TASK TO COMPLETE:
The result should hold only the lines from the one with "Studio Ponte Slim" through the final line of the data below, transcribed exactly, pictures left out.

DATASET SECTION:
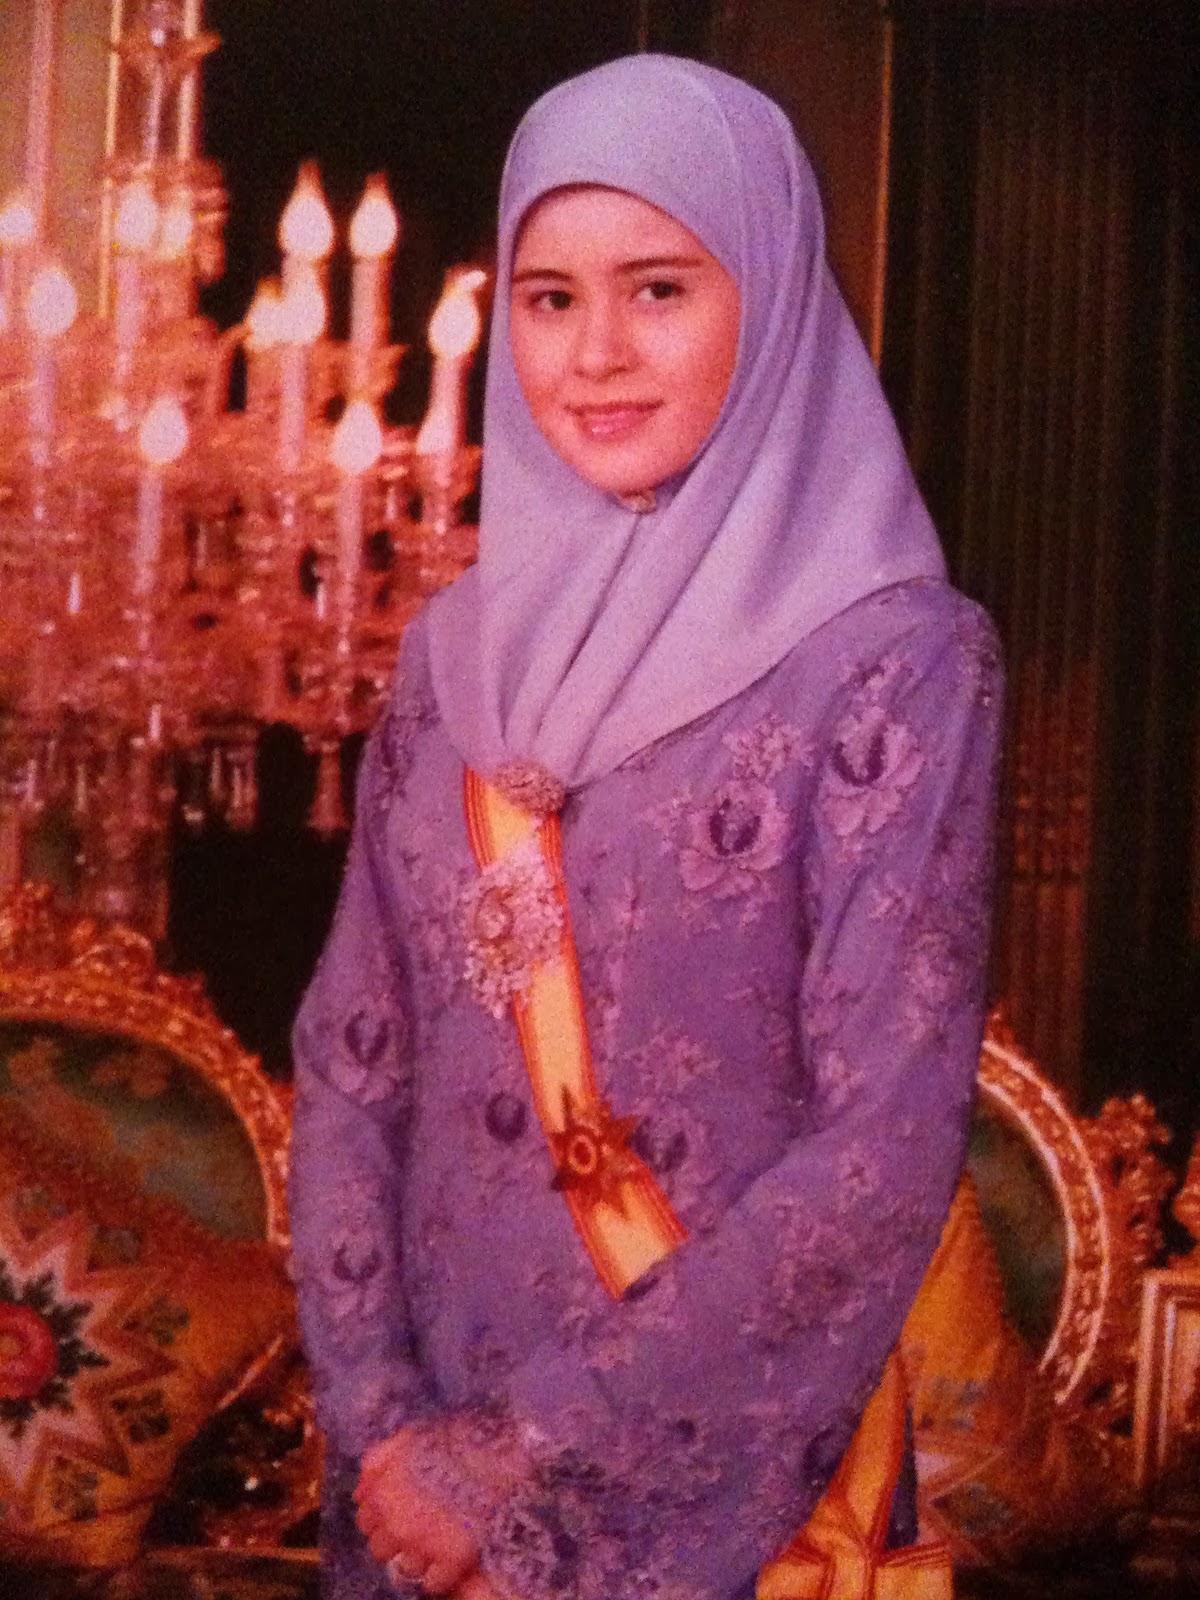 Pengiran Anak Sarah lambang Wanita Moden Brunei
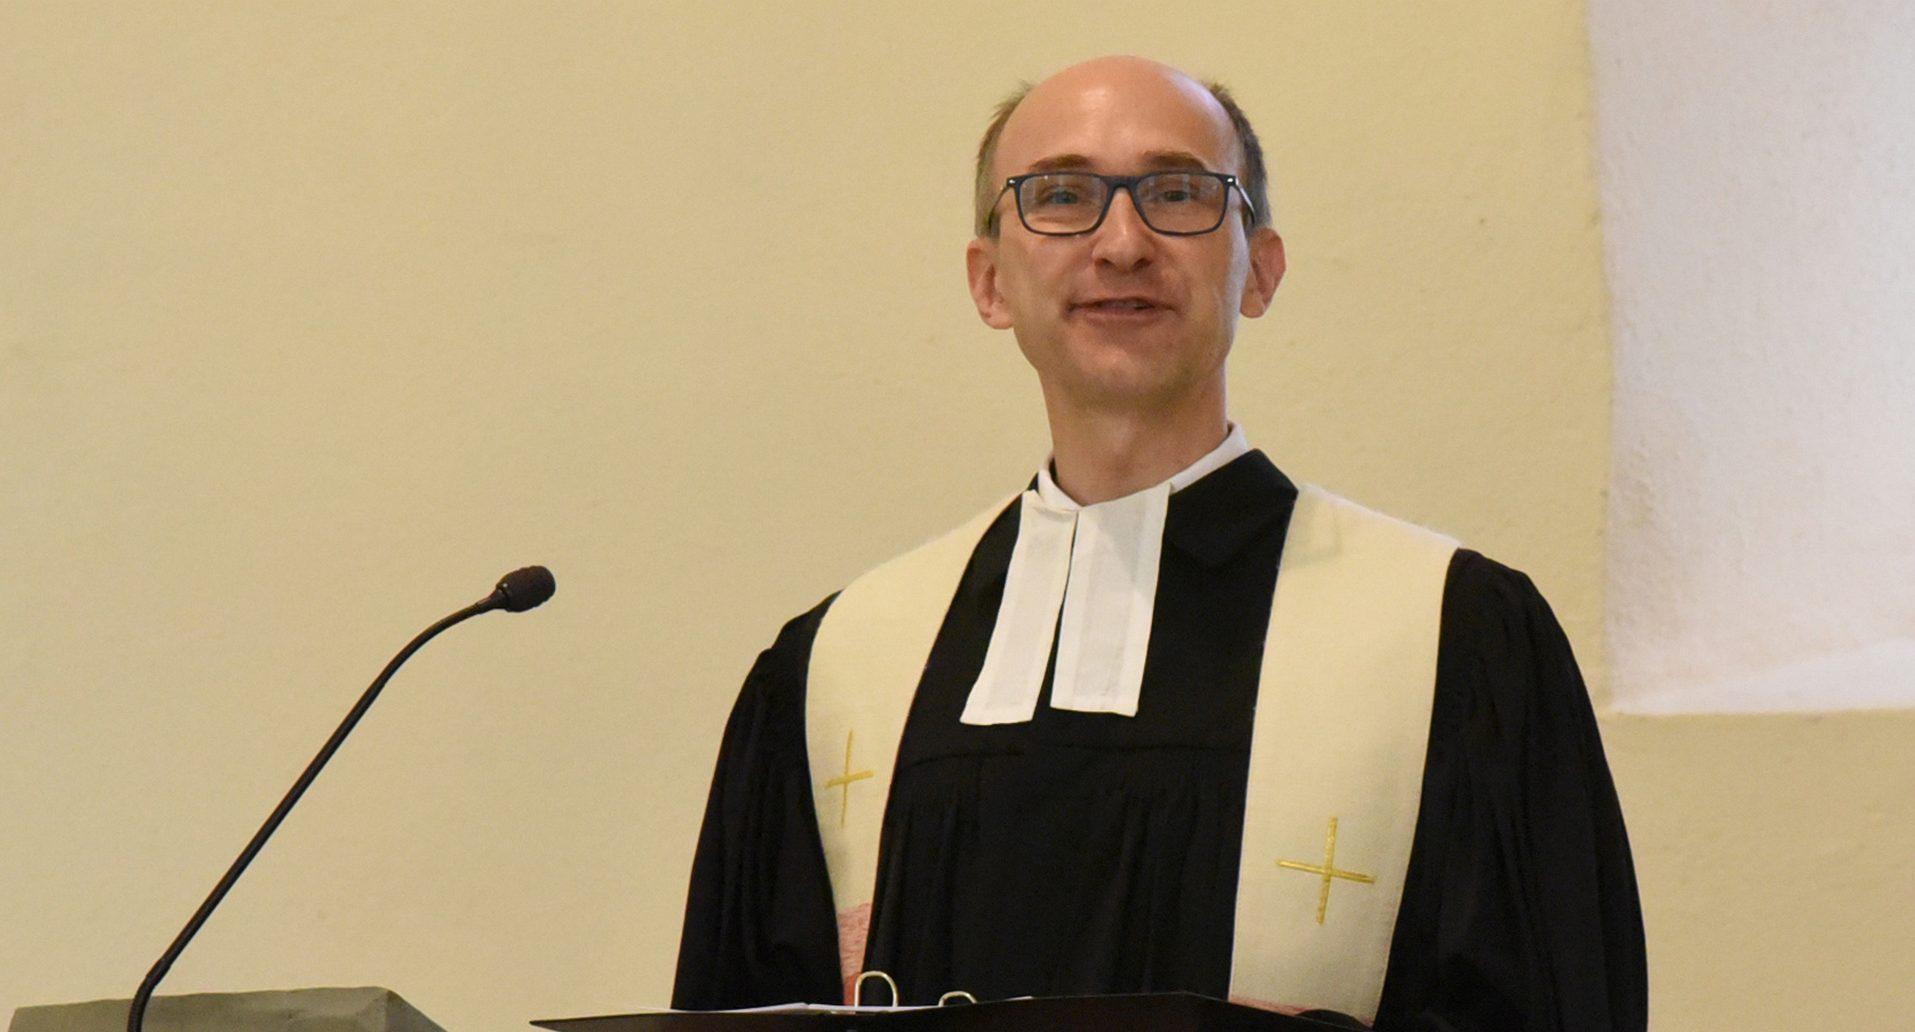 Pfarrers Ulrich Krause
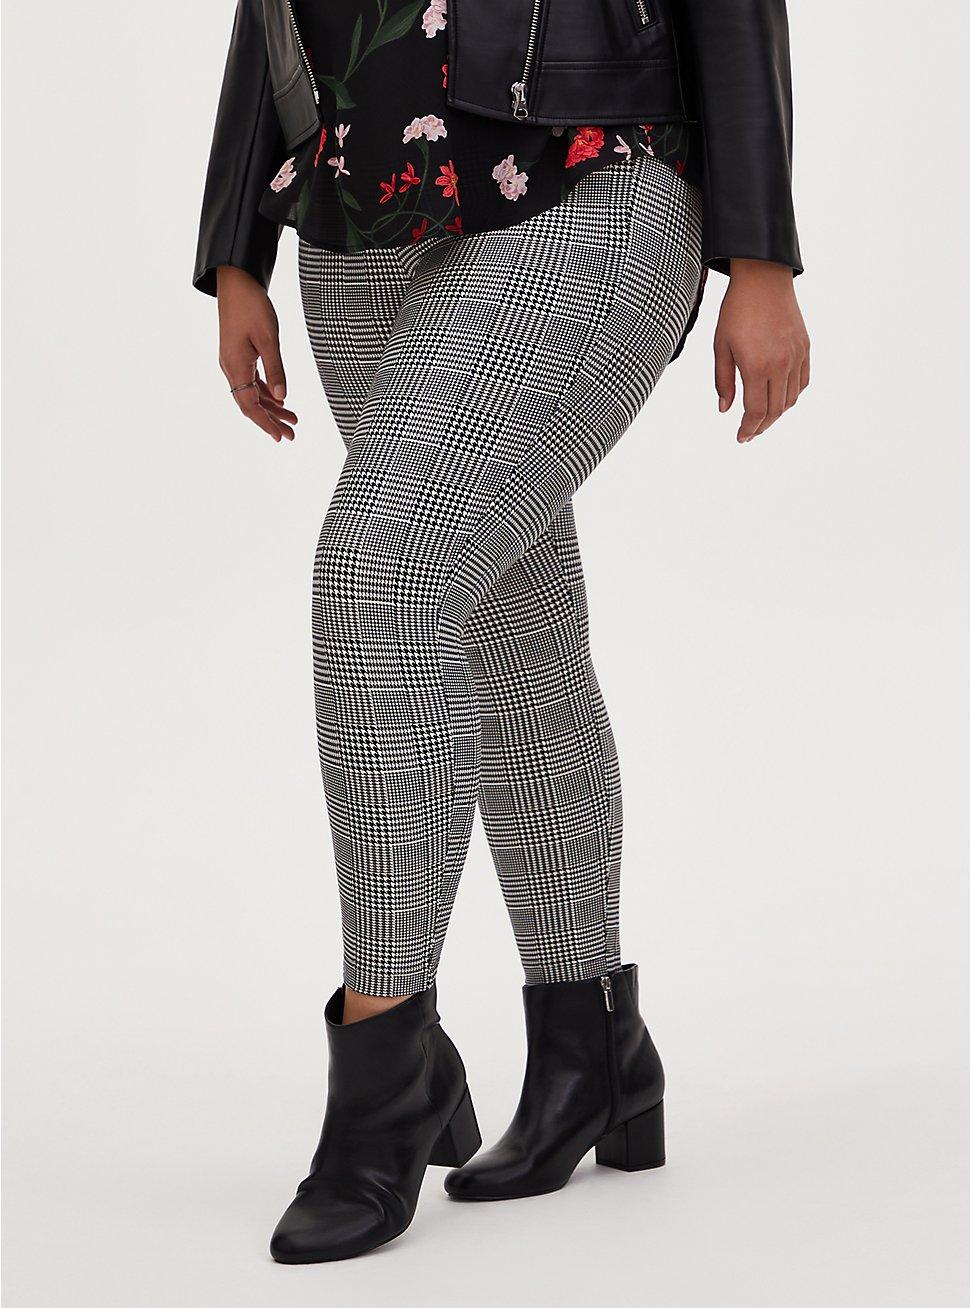 Studio Ponte Slim Fix Grey Plaid Pull-On Pixie Pant, PLAID - BLACK, hi-res
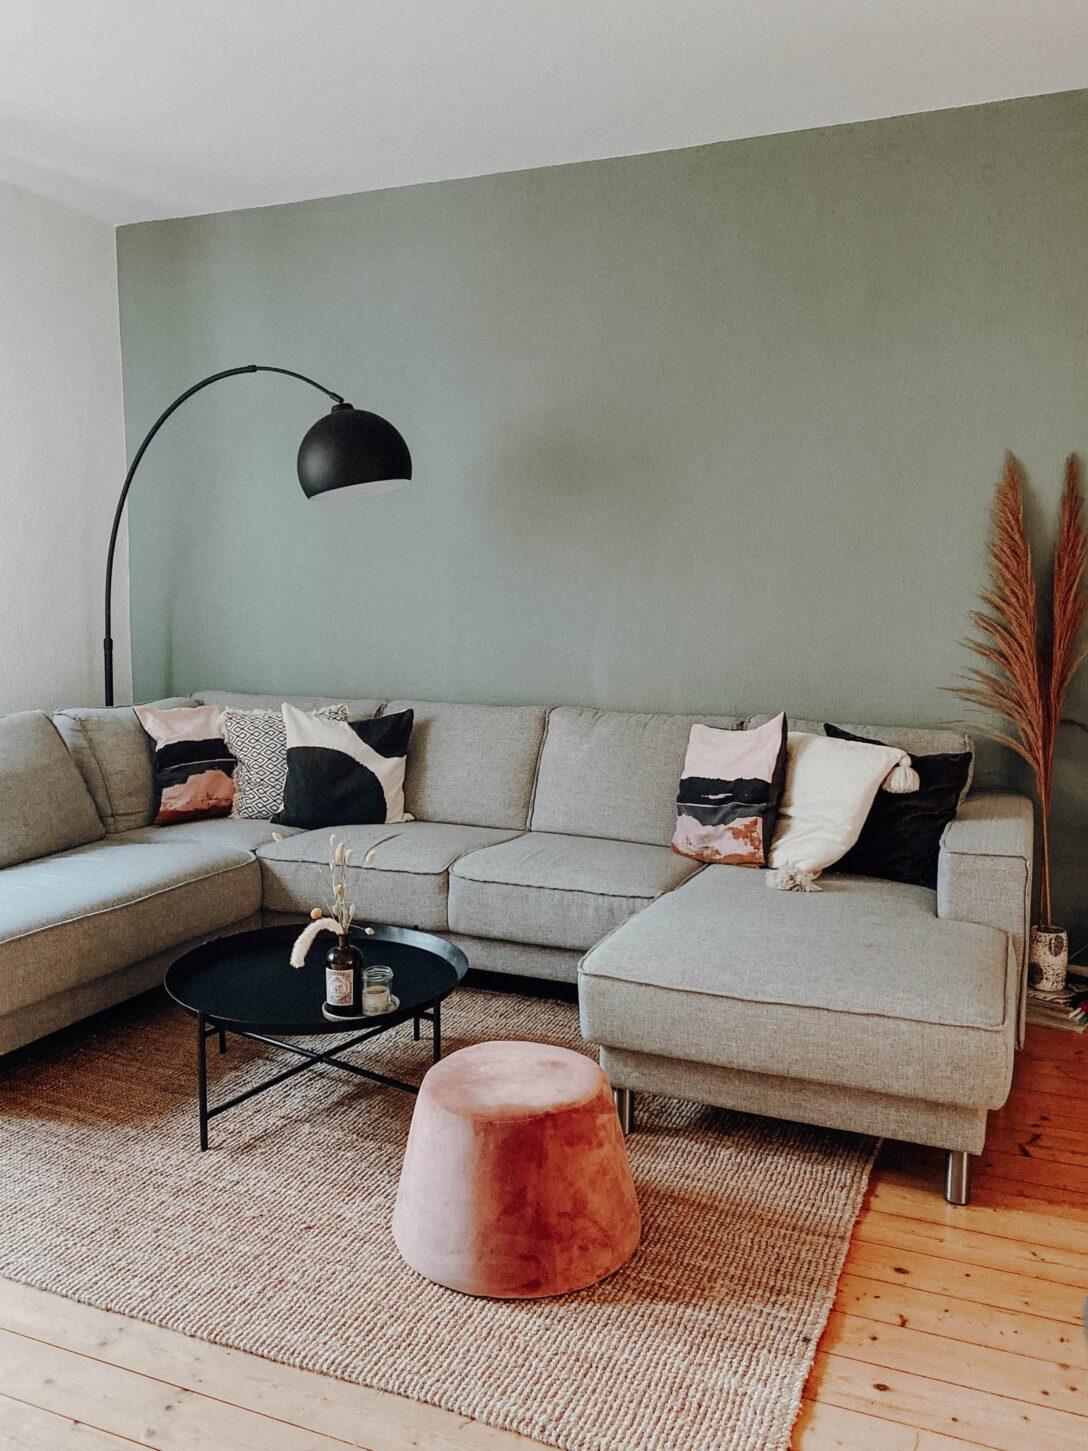 Large Size of Graues Sofa Ikea Graue Couch Welche Wandfarbe Passt Kissen Kombinieren Bunte Kleines Regal Große Englisches Hussen Für Polster Boxspring Blaues Delife Antik Sofa Graues Sofa

OUTPUT FOR THIS TASK:
 Studio Ponte Slim Fix Grey Plaid Pull-On Pixie Pant, PLAID - BLACK, hi-res
 Large Size of Graues Sofa Ikea Graue Couch Welche Wandfarbe Passt Kissen Kombinieren Bunte Kleines Regal Große Englisches Hussen Für Polster Boxspring Blaues Delife Antik Sofa Graues Sofa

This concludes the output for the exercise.